A box the size of a not-quite-sat­is­fac­tory pantry can­not pos­si­bly con­tain all of a com­mu­nity’s ne­ces­si­ties, be­cause, thank the Lord, we do not live in a creepy world where cit­i­zens within a cer­tain geo­graphic lo­ca­tion all have the ex­act same de­sires ev­ery sin­gle day. At the mo­ment, Mc­Don­ald’s startup also does not ap­pear to of­fer the al­co­hol and to­bacco prod­ucts cen­tral to a bodega, which could cause an ad­di­tional road­block.

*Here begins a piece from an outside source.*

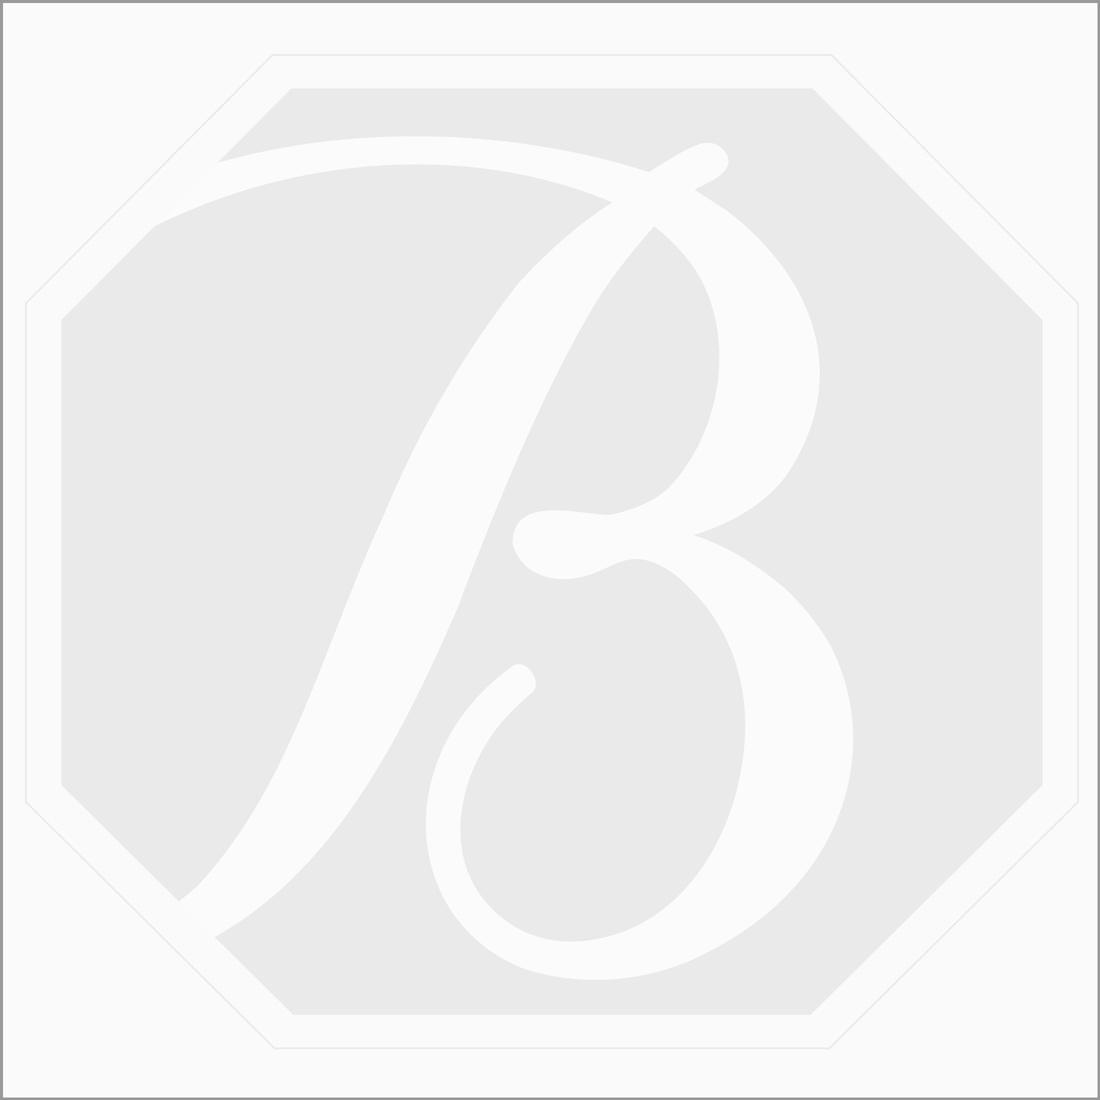 Tourmaline Briolette - 1 Line - 258.00 carats - 14 inches - (CSNKL1026)

In essence, Bodega has in­vented a par­tic­u­larly po­lar­iz­ing vend­ing ma­chine. Those have ex­isted since lit­er­ally the 1st cen­tury, when an Alexan­drian math­e­ma­ti­cian dis­cov­ered a way to charge peo­ple for holy wa­ter in tem­ples. To­bacco-dis­pensers ap­peared in English tav­erns in the 1600s, and in the 1880s coin­op­er­ated com­mer­cial ma­chines al­lowed peo­ple to buy prod­ucts from stamps and post­cards to Tutti-Frutti gum. When cred­it­card scan­ners made their way onto vend­ing in­ter­faces in the early 2000s, vend­ing ma­chines started sell­ing high-ticket items such as iPads and dig­i­tal cam­eras. Some ma­chines make hot dogs, and one in Sin­ga­pore even of­fers — re­ally —Lam­borgh­i­nis. None of this has stopped peo­ple from go­ing to the Ap­ple Store, the auto-deal­er­ship or even the ice-cream truck.

So if shop­pers agree with the ex­er­cised throngs on Twit­ter that Bodega the start-up should not re­place bode­gas the sto­ried neigh­bor­hood in­sti­tu­tions, they can at least take so­lace in the re­al­ity that it prob­a­bly won’t.